CMB is landmark evidence of the Big Bang theory for the origin of the universe. In the Big Bang cosmological models, during the earliest periods, the universe was filled with an opaque fog of dense, hot plasma of sub-atomic particles. As the universe expanded, this plasma cooled to the point where protons and electrons combined to form neutral atoms of mostly hydrogen. Unlike the plasma, these atoms could not scatter thermal radiation by Thomson scattering, and so the universe became transparent.[4] Known as the recombination epoch, this decoupling event released photons to travel freely through space – sometimes referred to as relic radiation.[1] However, the photons have grown less energetic due to the cosmological redshift associated with the expansion of the universe. The surface of last scattering refers to a shell at the right distance in space so photons are now received that were originally emitted at the time of decoupling.[5]

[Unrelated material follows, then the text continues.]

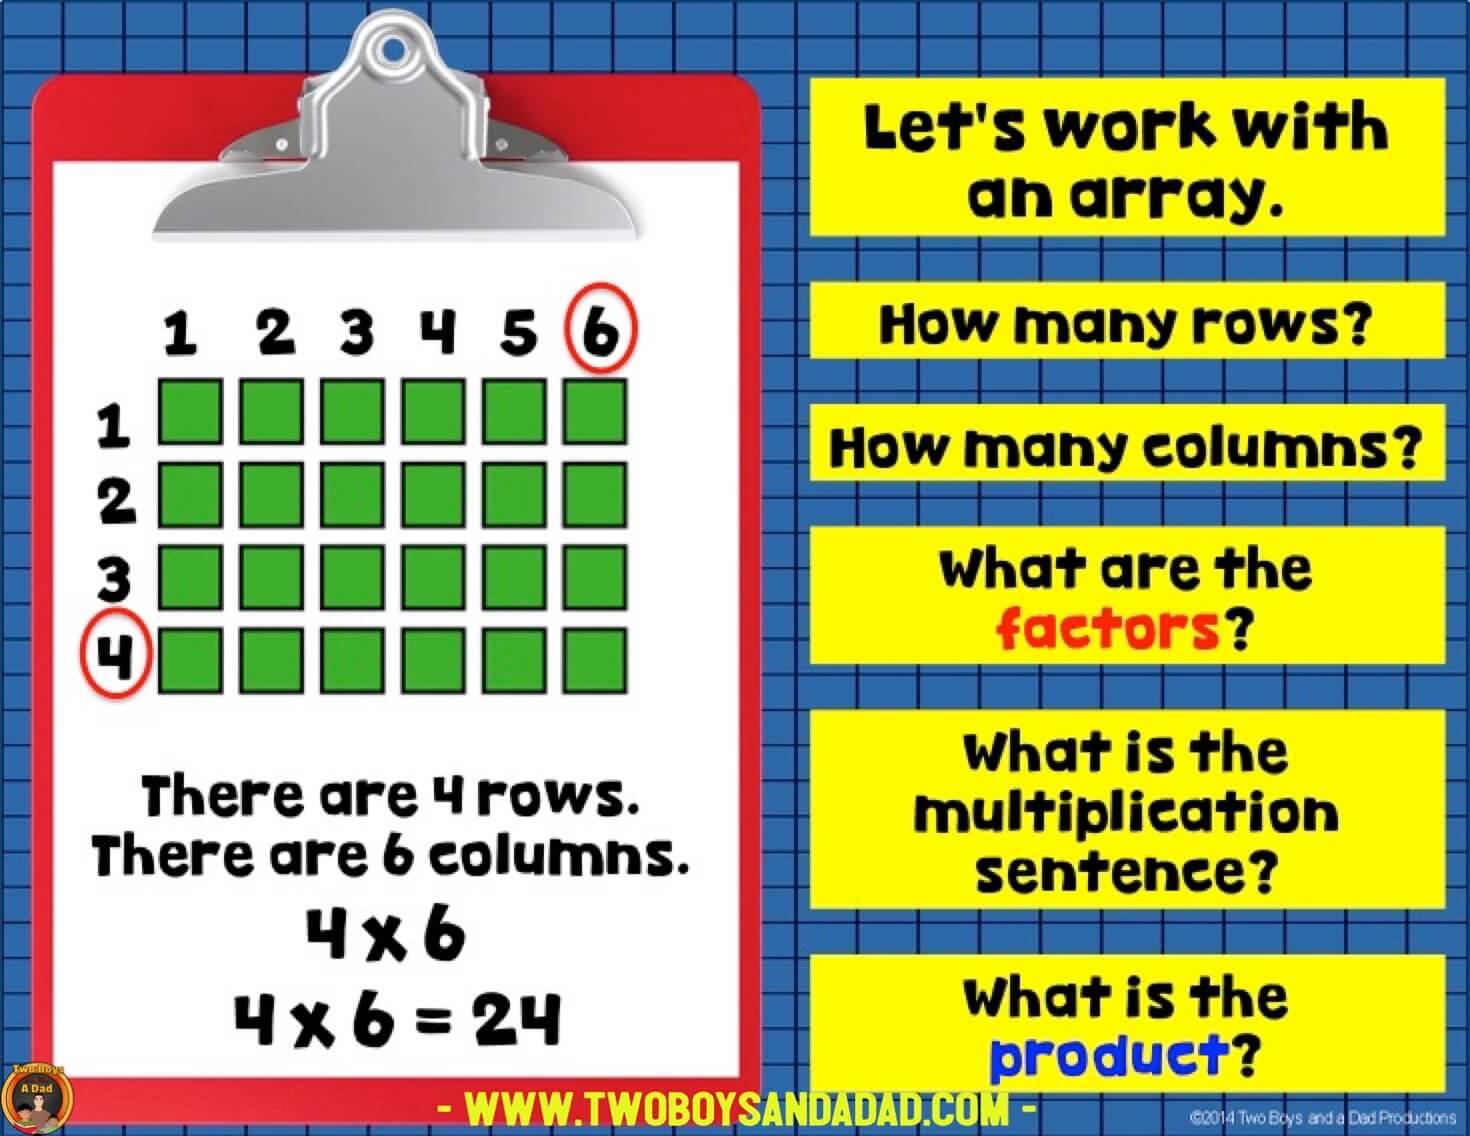 teach multiplication with arrays

The CMB is not completely smooth and uniform, showing a faint anisotropy that can be mapped by sensitive detectors. Ground and space-based experiments such as COBE and WMAP have been used to measure these temperature inhomogeneities. The anisotropy structure is determined by various interactions of matter and photons up to the point of decoupling, which results in a characteristic lumpy pattern that varies with angular scale. The distribution of the anisotropy across the sky has frequency components that can be represented by a power spectrum displaying a sequence of peaks and valleys. The peak values of this spectrum hold important information about the physical properties of the early universe: the first peak determines the overall curvature of the universe, while the second and third peak detail the density of normal matter and so-called dark matter, respectively. Extracting fine details from the CMB data can be challenging, since the emission has undergone modification by foreground features such as galaxy clusters.